Almost a million high earners in the UK have been hit by steep increases in their tax bills because thresholds set more than a decade ago do not rise in line with inflation, according to analysis by the Institute for Fiscal Studies. In 2008, the government set a £100,000 income threshold above which the tax-free personal allowance would be gradually withdrawn, creating a band in which people pay 60p of every £1 they earn to the exchequer, the Financial Times reported. The number of affected people has risen rapidly, from 647,000 in 2007-08 to 986,000.
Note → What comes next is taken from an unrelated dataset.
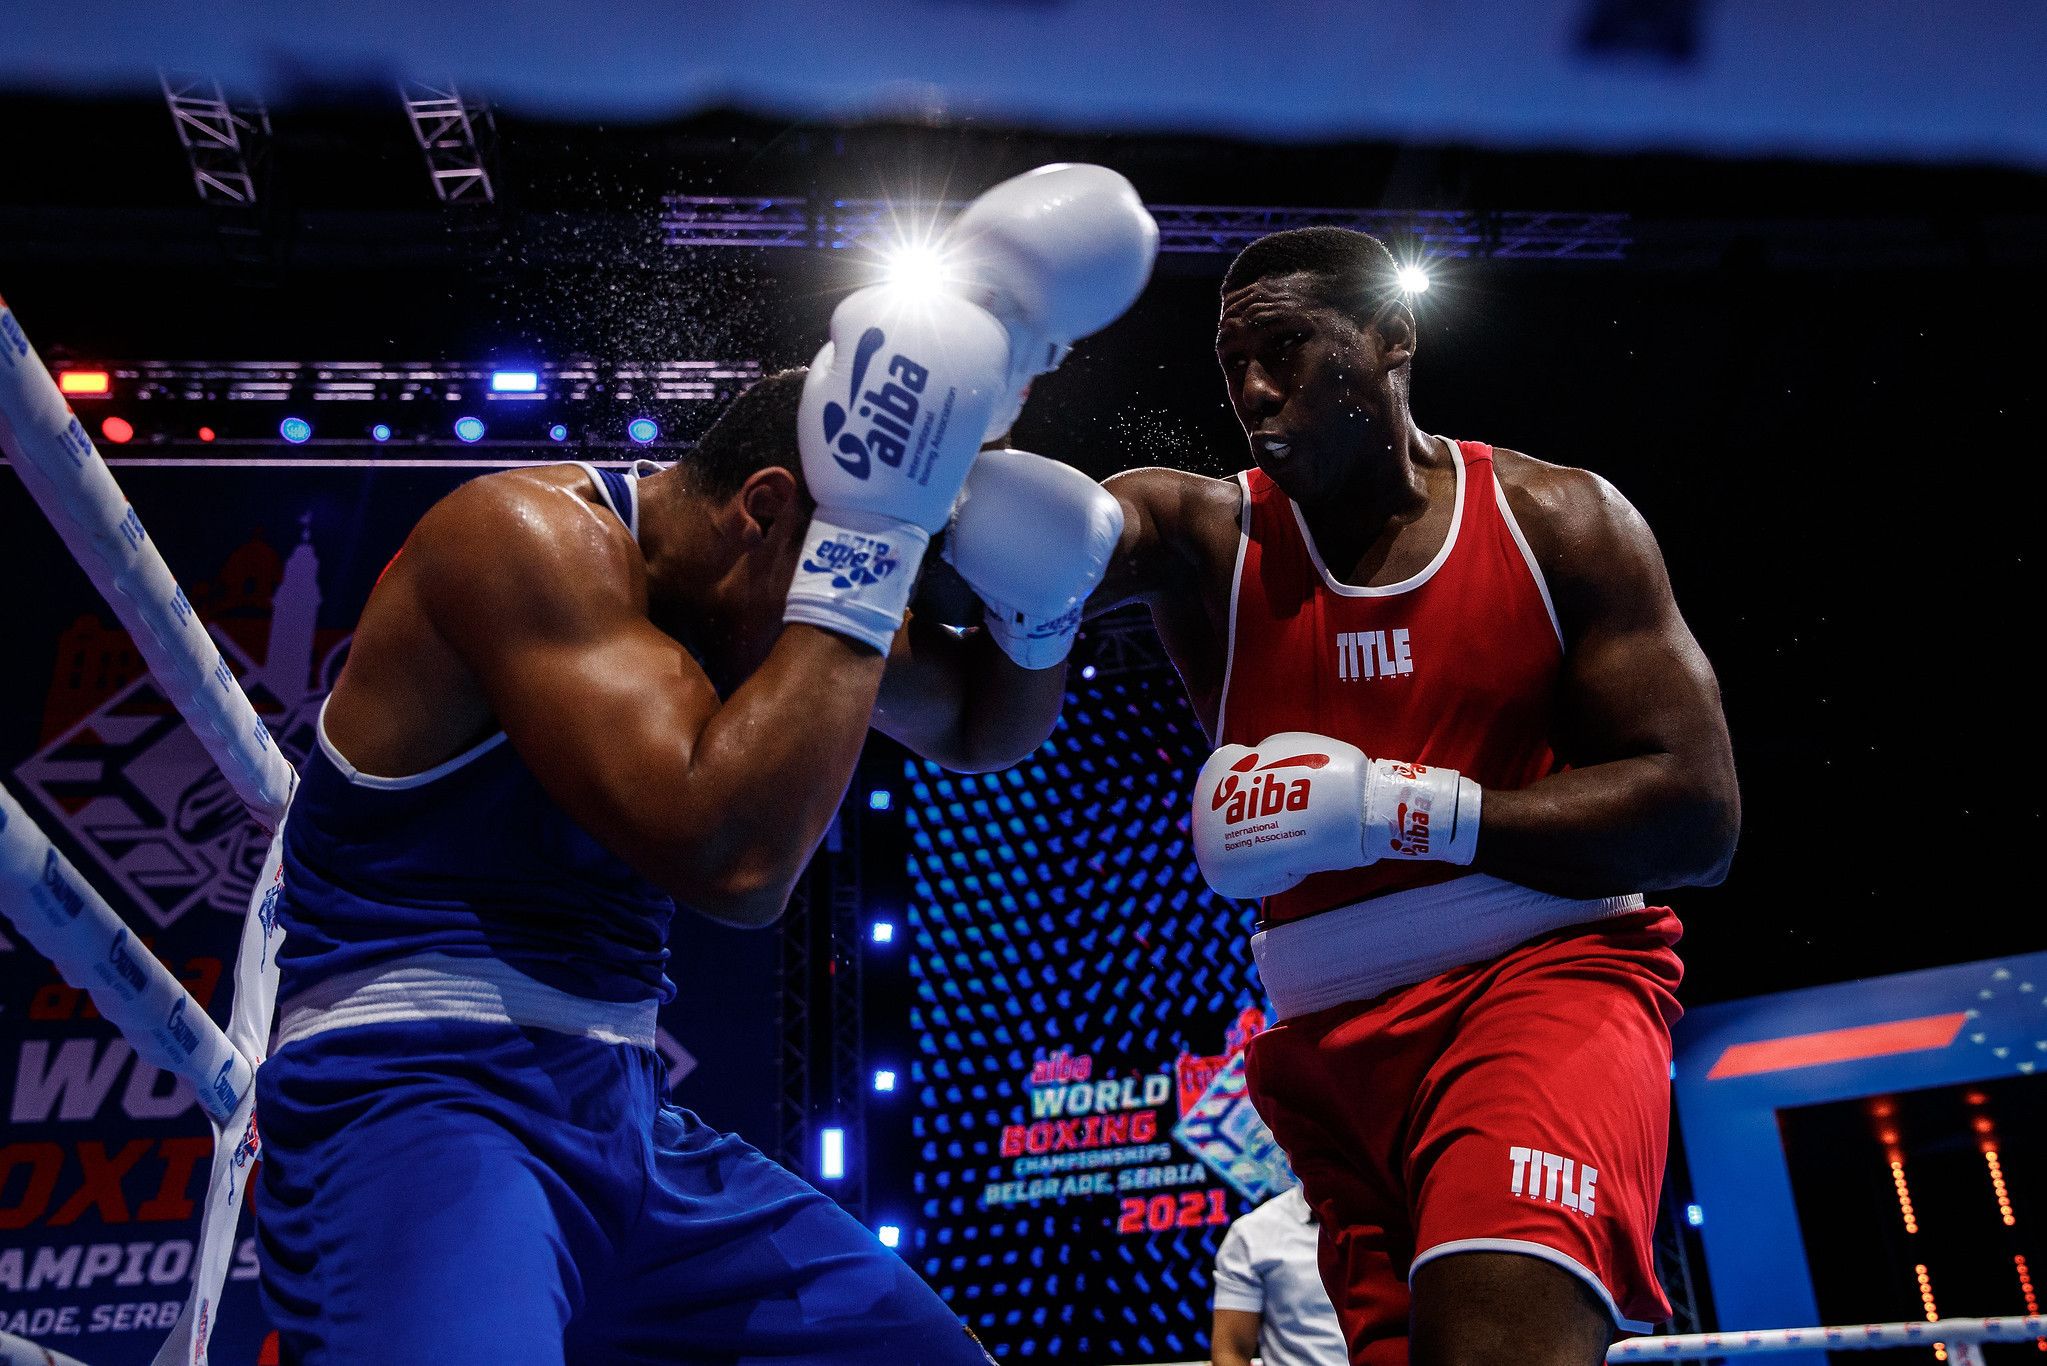 Nigel Paul is guaranteed Trinidad and Tobago's first men's senior world boxing medal ©AIBA

Five years after the European Central Bank broke ground by cutting interest rates below zero, its officials are considering a redesign of the contentious policy as they face up to an economy and banking system that could remain fragile for a lot longer, the Financial Times reported. ECB president Mario Draghi pushed the world’s leading central banks into uncharted territory in 2014 when the eurozone deposit rate — what commercial banks pay to hold money at the ECB — went negative.
The Reserve Bank of India will issue new rules for resolving bad debts after the nation’s top court struck down an earlier directive that tightened rules for stressed asset resolution, Bloomberg News reported. The central bank “will take necessary steps including issuance of a revised circular as may be necessary for expeditious resolution of stressed assets,” RBI Governor Shaktikanta Das told reporters in Mumbai on Thursday.
One of Singapore’s highest-profile corporate debt restructurings was thrown into disarray on Thursday, as embattled water and power company Hyflux Ltd. scrapped a pact with its would-be savior, Bloomberg News reported. The rupture follows disputes in recent weeks with SM Investments Pte, the consortium of Indonesian businessmen that agreed last year to rescue Hyflux in return for a majority stake.
Nomura Holdings Inc. is embarking on yet another sweeping overhaul of its international business, as it cuts $1 billion of costs and fires dozens of employees in its struggling global trading operations, Bloomberg News reported. Japan’s largest securities firm will cull about 150 jobs across the Americas and Europe, the Middle East and Africa on top of reductions in Hong Kong and Singapore as part of the overhaul, people with knowledge of the matter said.
The collapse of budget airline WOW Air last month will dent Iceland’s economic growth this year and cause some losses in the banking system, the country’s central bank said in a Financial Stability report on Thursday. WOW Air, which had 1,000 employees, halted operations and canceled all future flights on March 28 after efforts to raise more funds had failed, Reuters reported. It was the latest budget airline to collapse as the European airline sector grapples with over-capacity and high fuel costs.
Three investors including Italian fashion entrepreneur Renzo Rosso are eyeing a possible bid for luxury label Roberto Cavalli, according to a document filed by the company with a court in Milan as it seeks breathing space from creditors, Reuters reported. The fashion company on Monday filed a request with a bankruptcy court for 120 days of protection from creditors to reach an agreement on its debt and find a new investor, after it struggled to reboot sales and faced a cash crunch.
France’s services sector fell back into contraction in March, according to a closely watched economic survey, as a series of anti-government protests continued to disrupt the economy, the Financial Times reported. The IHS Markit purchasing managers’ index, which gathers data by polling corporate executives, fell to 49.1 in March, down from 50.2 in February and below the 50 mark which separates expansion from contraction. The reading slightly bettered a Reuters poll of economists, which had forecast a figure of 48.7.